Step1: Choose Stat $>$Basic Statistics $>$Display Descriptive Statistics.

Step2: In Variables enter the columns Variable.

Step3: Click OK

MINITAB output:

Descriptive Statistics: BUDGET

$\begin{array}{lrrr}\text{Variable}& \mathrm{N}& {\mathrm{N}}^{*}& \text{Mean}\\ \text{BUDGET}& 45& 0& 2886\end{array}$

The population point estimate from MINITAB indicates that the budget for such home renovation projects is$\$2,886$

Calculate the $95\%$ confidence interval for the average home improvement budget.

Thus, the $95\%$ confidence interval for the mean budget for such home improvement jobs is $(2,483.51,3,288.49)$

To create a normal probability plot for the budget, use MINITAB.

Procedure for MINITAB:

Step 1: Select Probability Plot from the Graph menu.

Step 2: Click OK after selecting Single.

Step 3: In the Graph variables section, type BUDGET in the column.

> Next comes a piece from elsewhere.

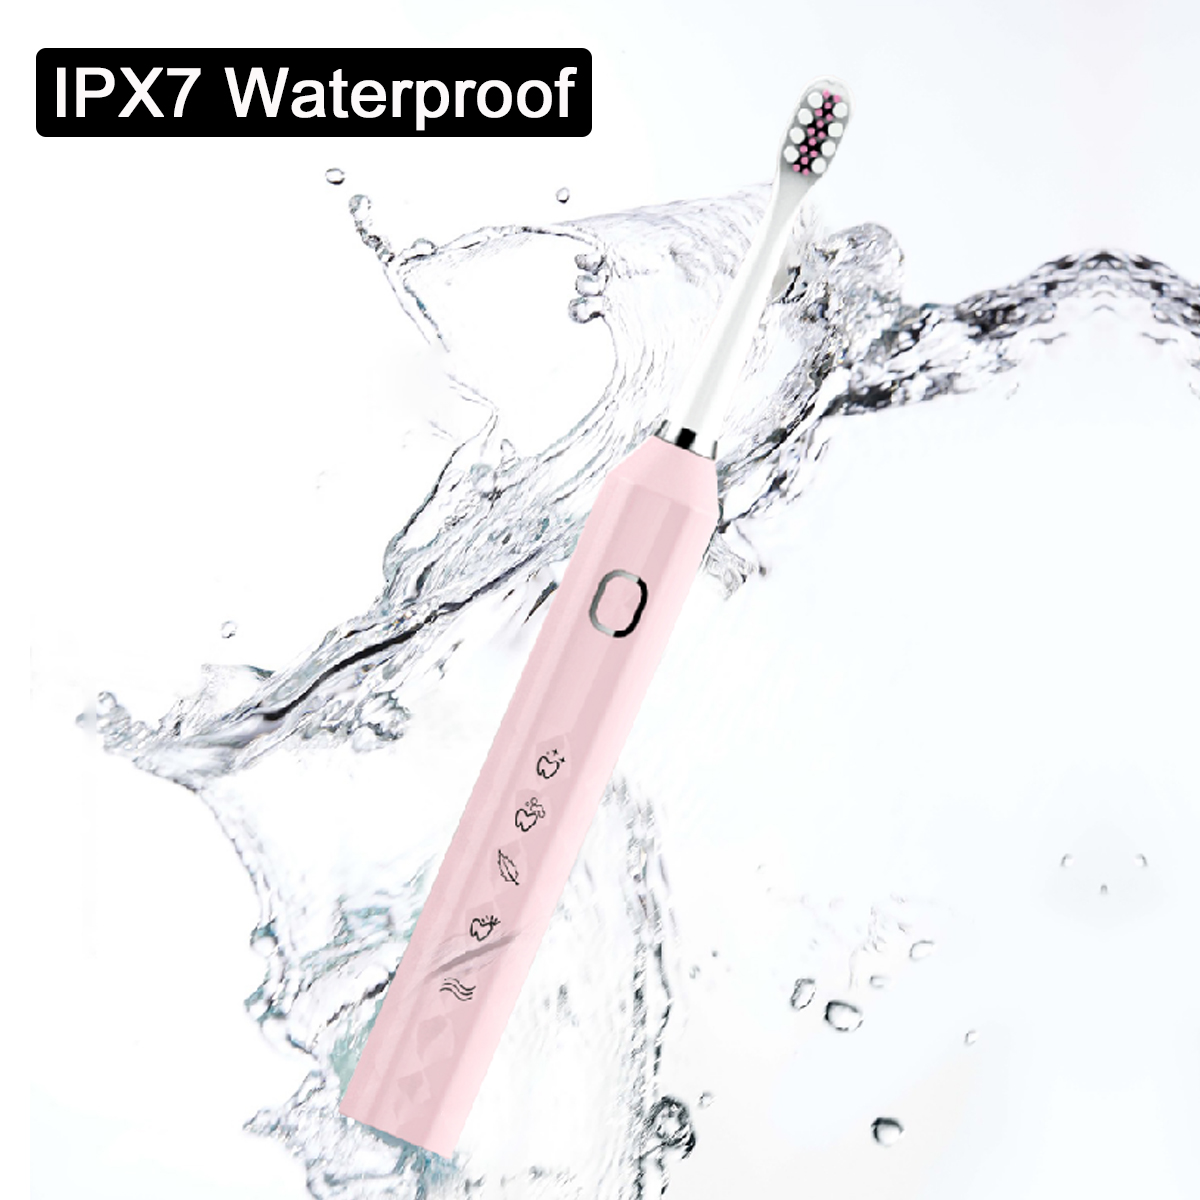 18000rpm-Electric-Toothbrush-5-Modes-Tooth-Cleaner-IPX7-Waterproof-For-Above-Over-12-Years-Old-1869980-4

Step 4: Click the OK button.

OUTPUT FROM MINITAB:

To create a budget histogram, use MINITAB.

Procedure for MINITAB:

Step 1: Select Histogram from the Graph menu.

Step 2: Click OK after selecting Simple.

Step 3: In Graph variables, type BUDGET in the corresponding column.

Step 4: Click the OK button.

MINITAB OUTPUT:

With a higher sample size, the distribution of budget is generally symmetric, as seen by the histogram and normal probability plot. As a result, it is evident that the budget for such home renovation projects is around average.

With a higher sample size, the distribution of budget is generally symmetric, as seen by the histogram and normal probability plot. As a result, it is evident that the budget for such home renovation projects is around average.

Because the sample size is larger, a budget for such home renovation projects is about normal. As a result, utilizing the Central Limit Theorem to ensure that the estimated confidence interval is approximately right is sufficient.